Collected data

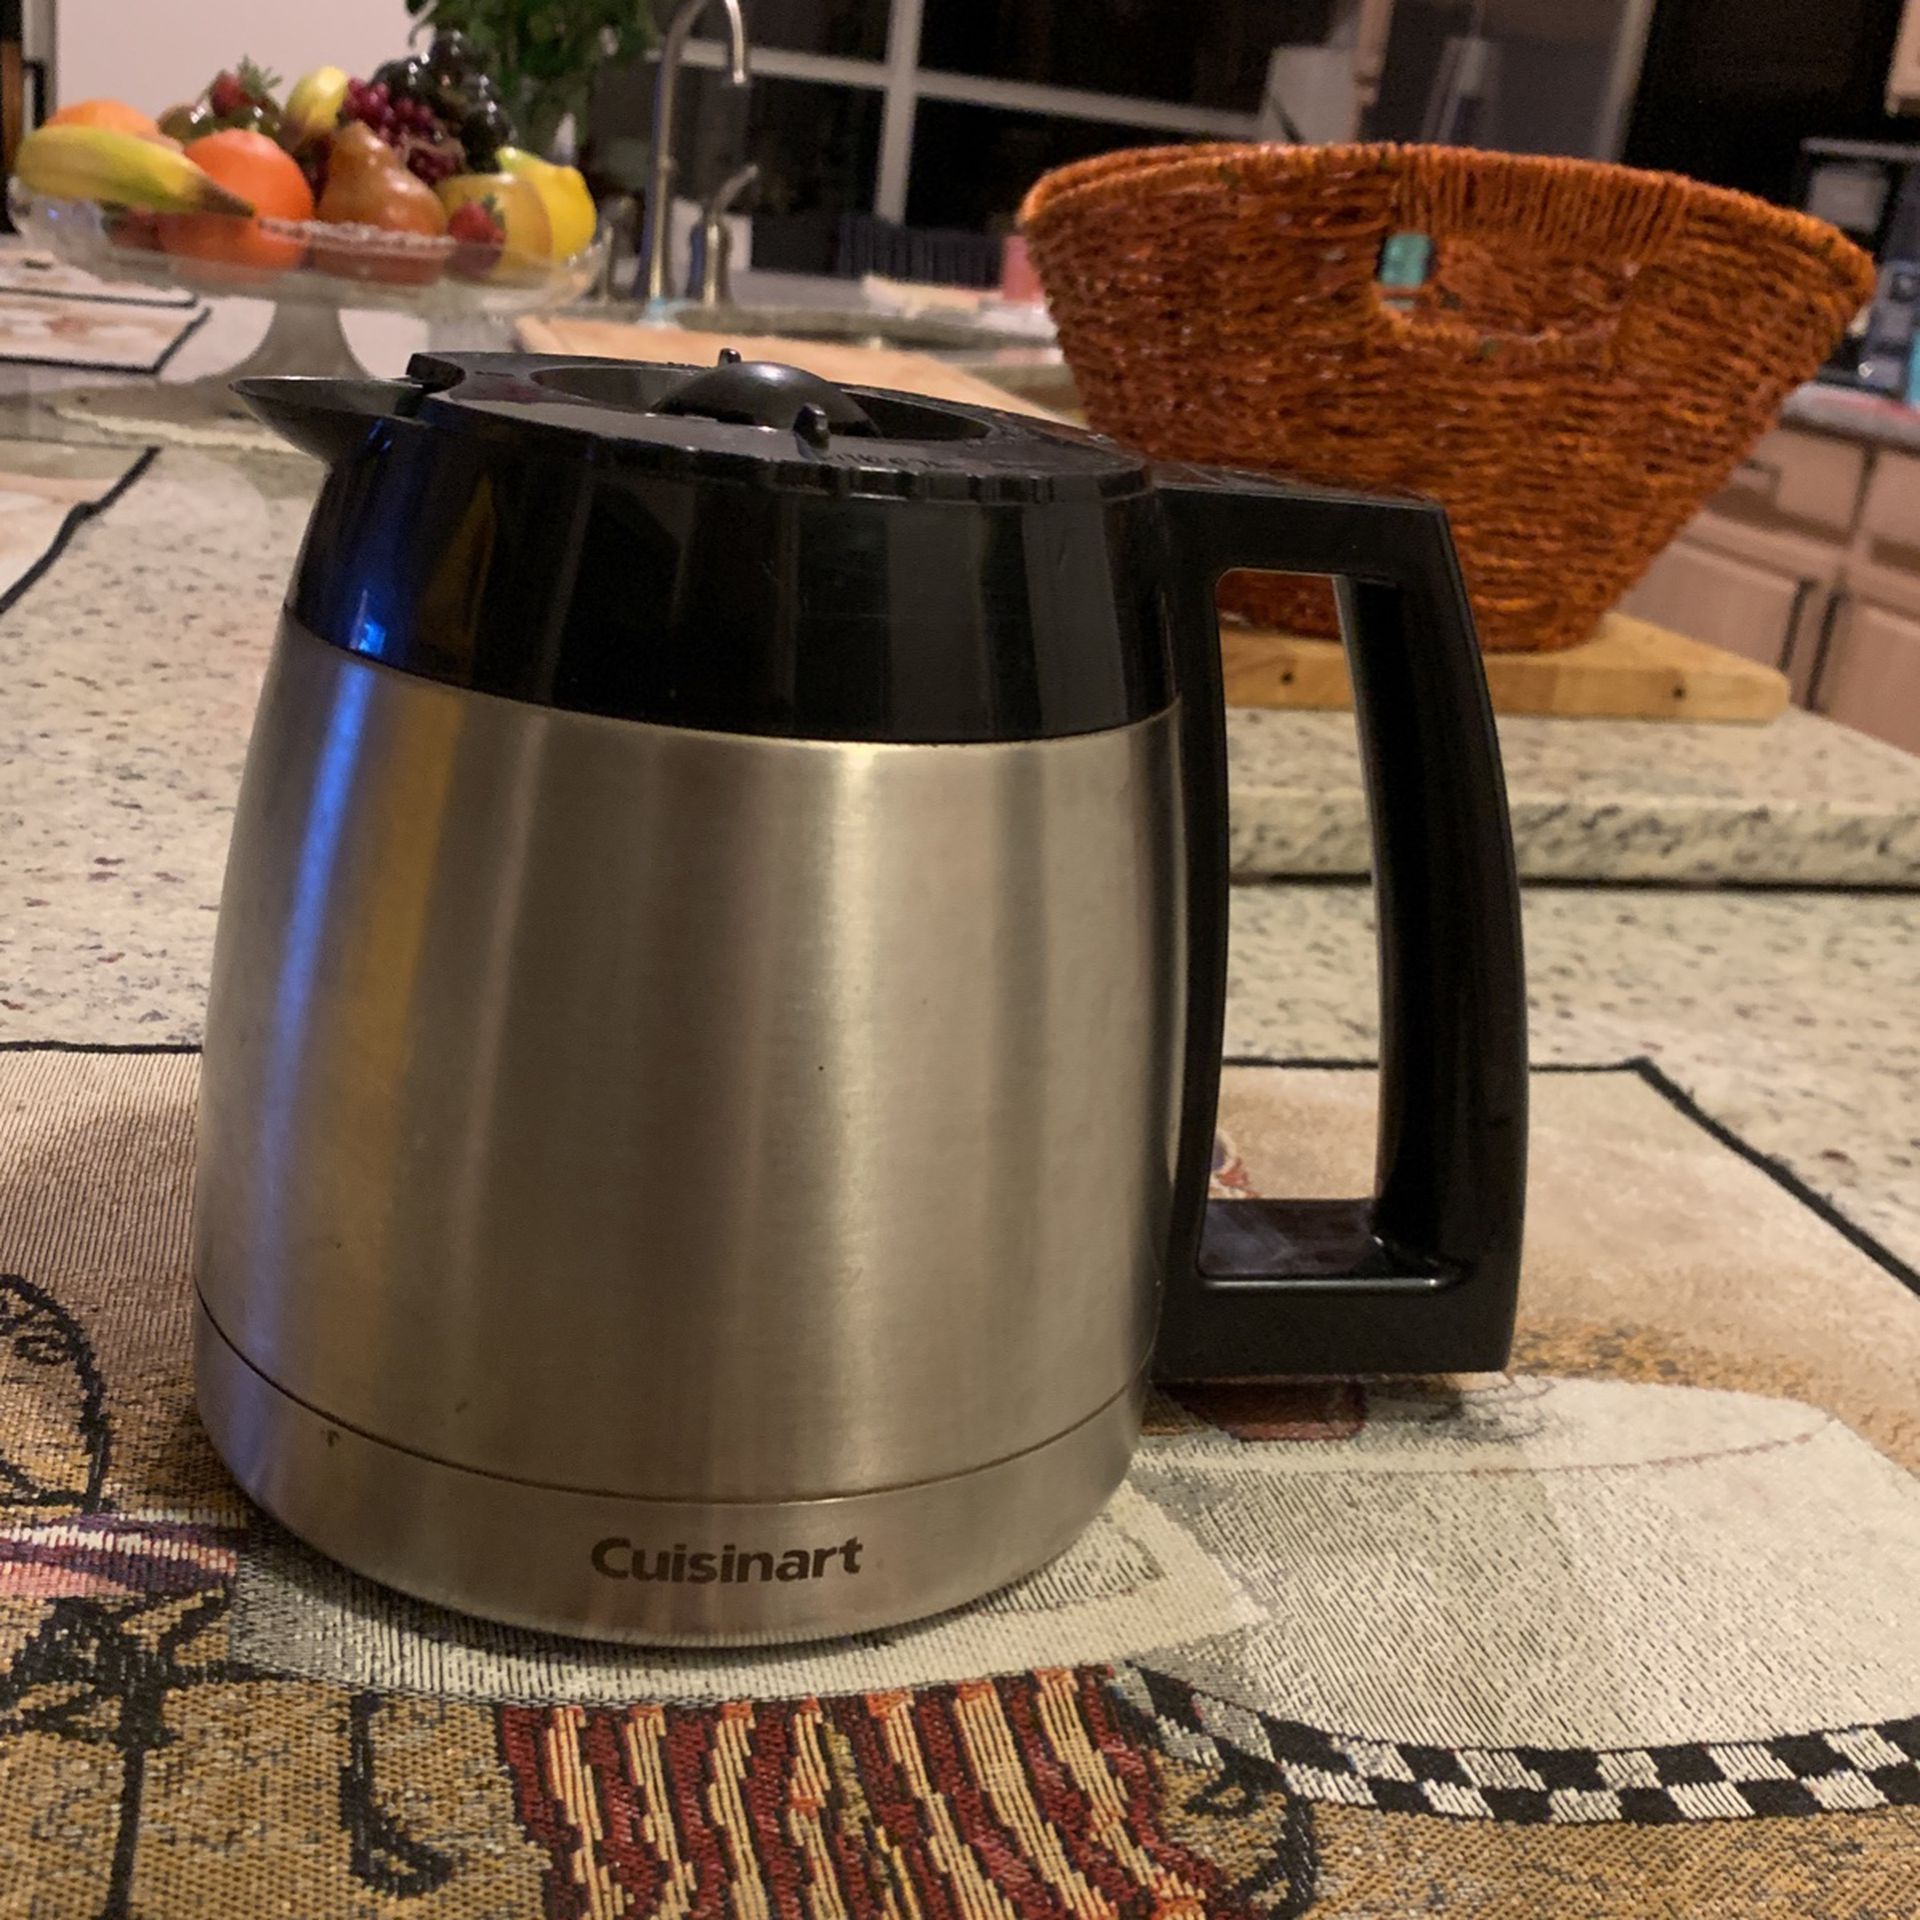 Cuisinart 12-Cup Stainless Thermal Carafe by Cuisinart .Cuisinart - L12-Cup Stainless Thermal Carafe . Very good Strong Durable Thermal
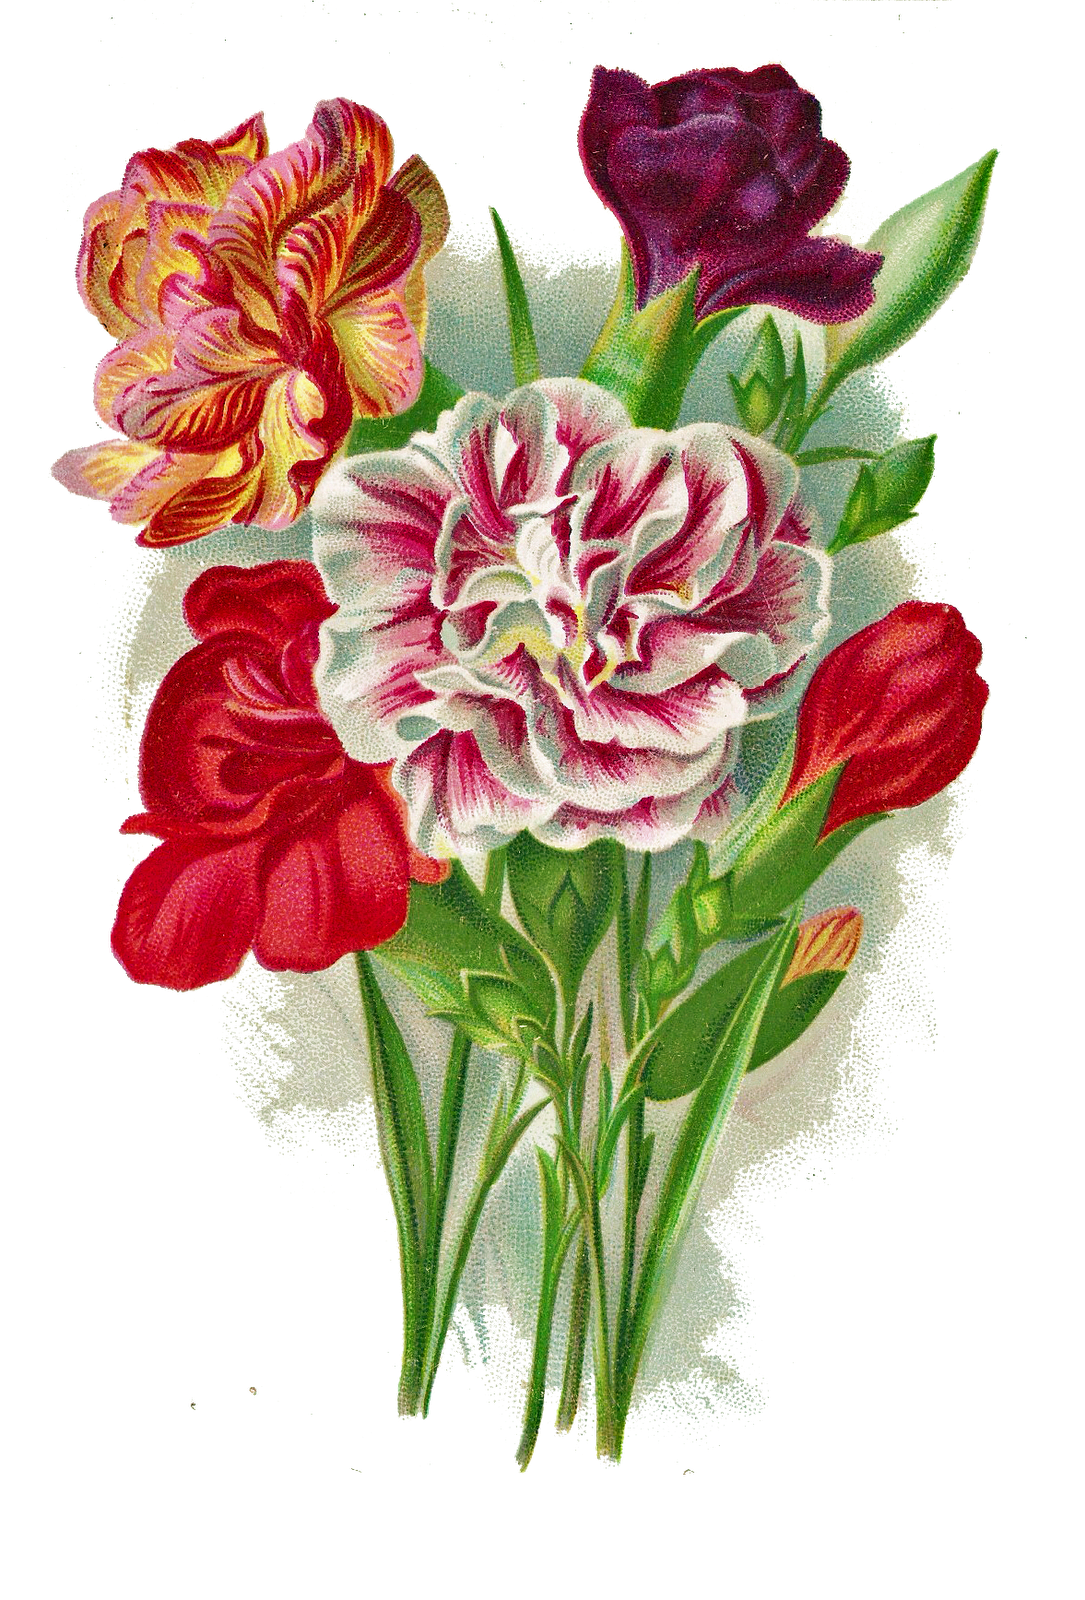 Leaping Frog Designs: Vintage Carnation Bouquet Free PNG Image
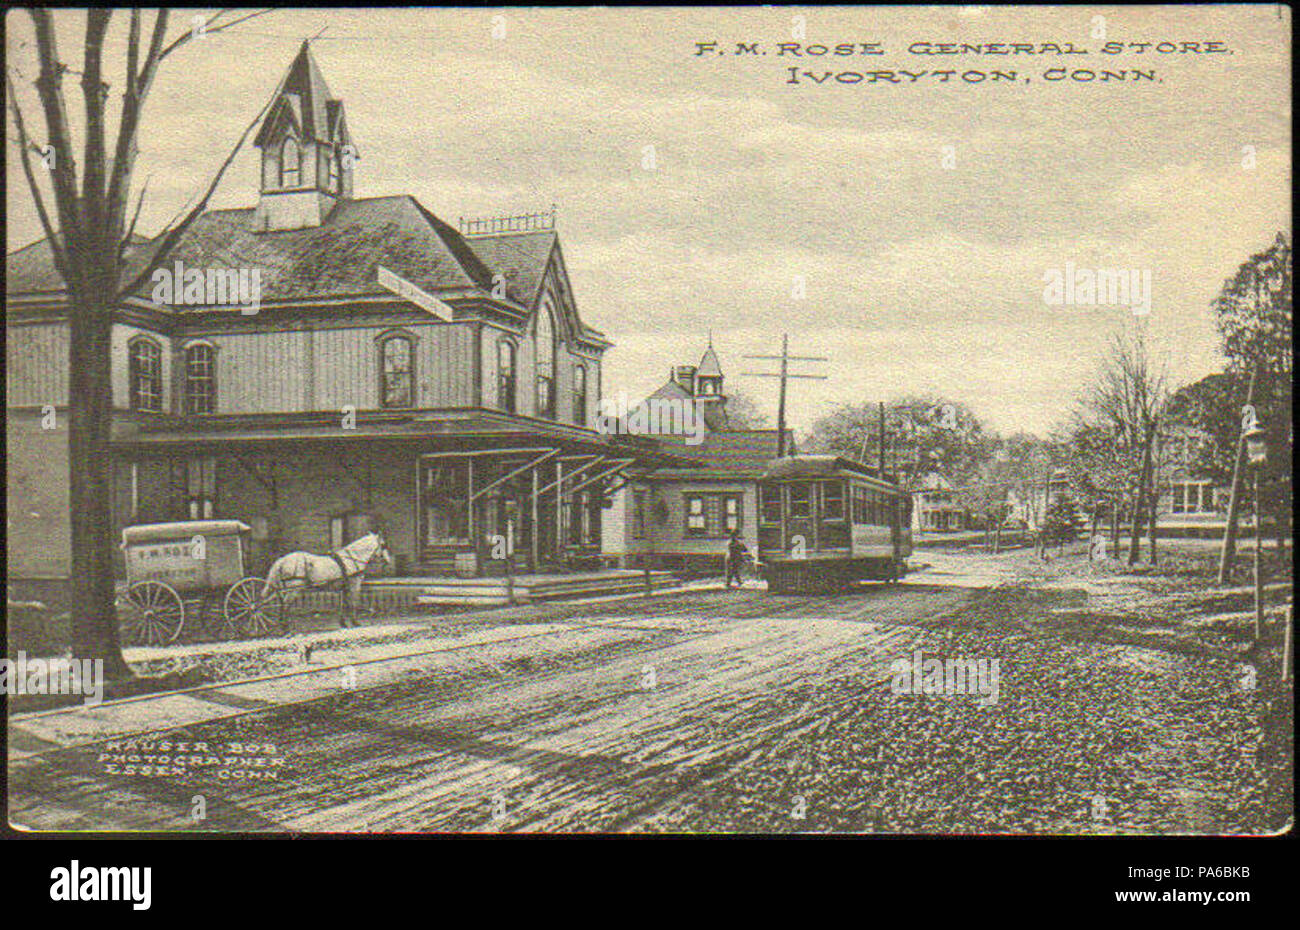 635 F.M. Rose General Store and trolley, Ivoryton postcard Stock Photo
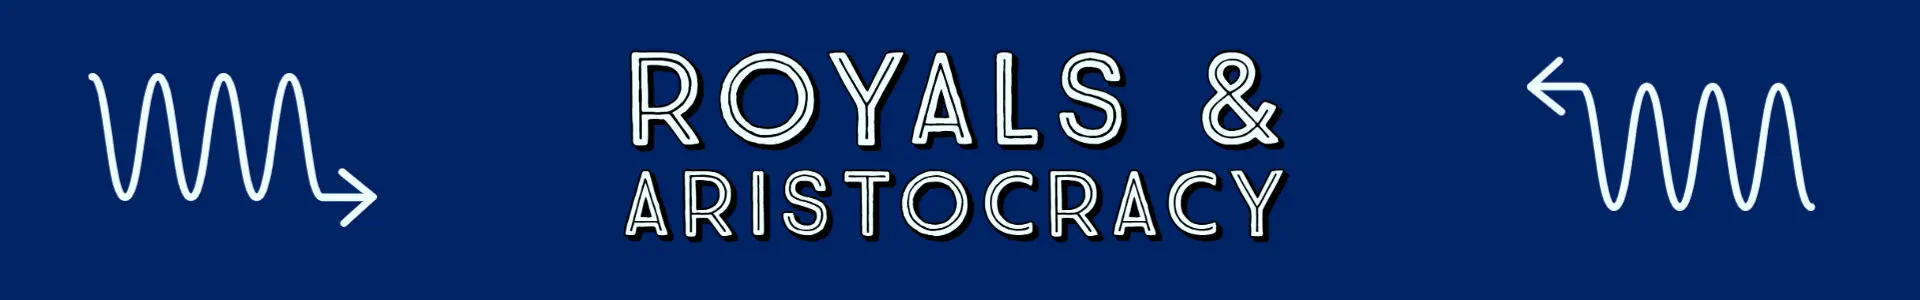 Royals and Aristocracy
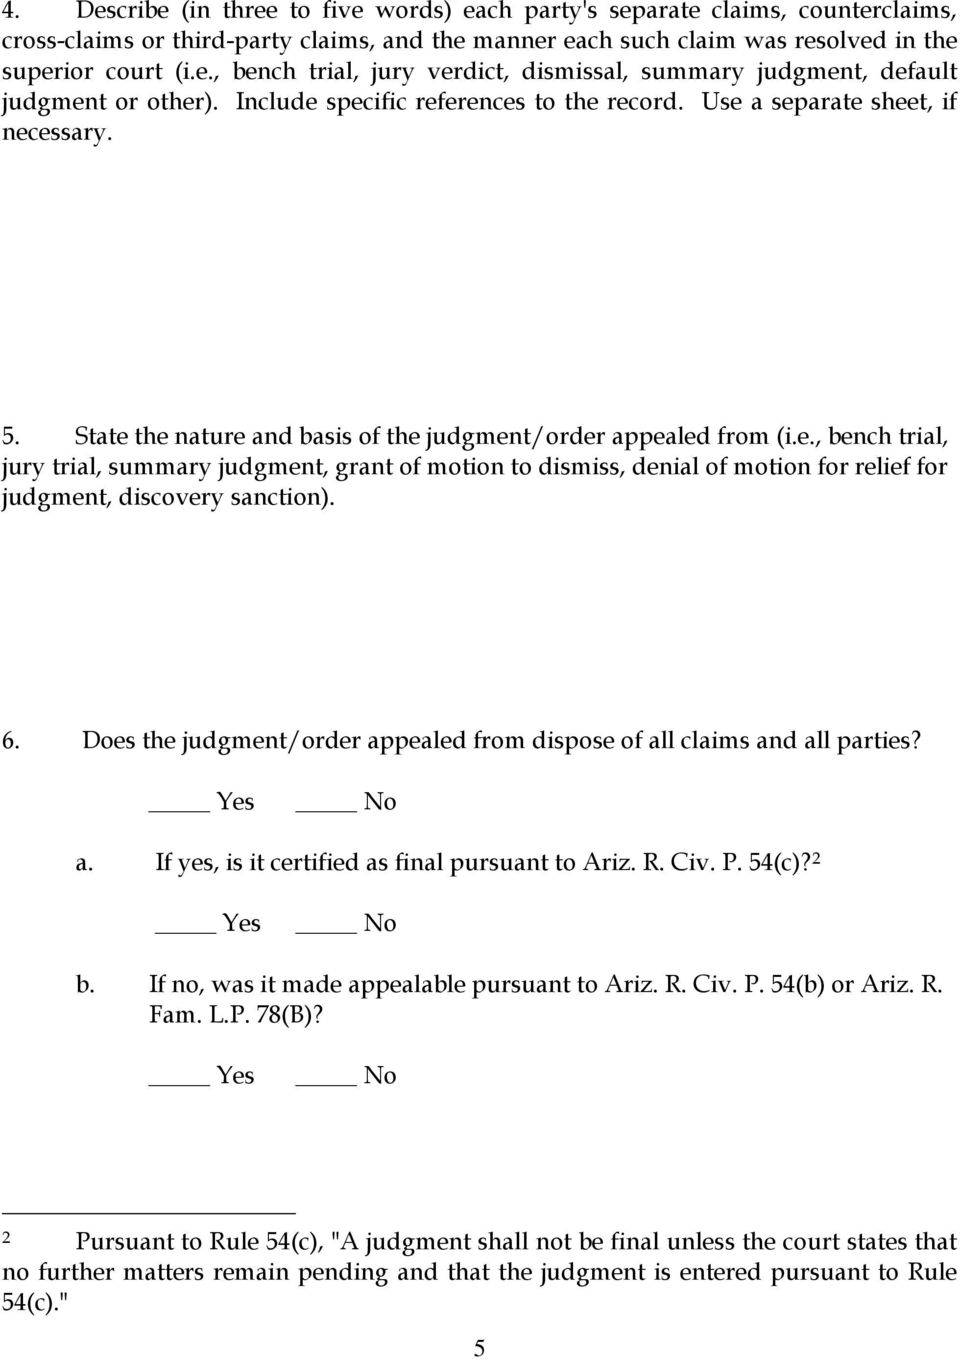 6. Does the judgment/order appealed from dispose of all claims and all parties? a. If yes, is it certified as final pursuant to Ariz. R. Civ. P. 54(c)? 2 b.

→ **TASK TO CARRY OUT**
What is needed is an exact copy of only the lines from the line containing "Leaping Frog Designs: Vintage" through the last line of the entries, inclusive, without the pictures.

→ **ANSWER BOX**
 Leaping Frog Designs: Vintage Carnation Bouquet Free PNG Image
 635 F.M. Rose General Store and trolley, Ivoryton postcard Stock Photo
 Royals and Aristocracy
 6. Does the judgment/order appealed from dispose of all claims and all parties? a. If yes, is it certified as final pursuant to Ariz. R. Civ. P. 54(c)? 2 b.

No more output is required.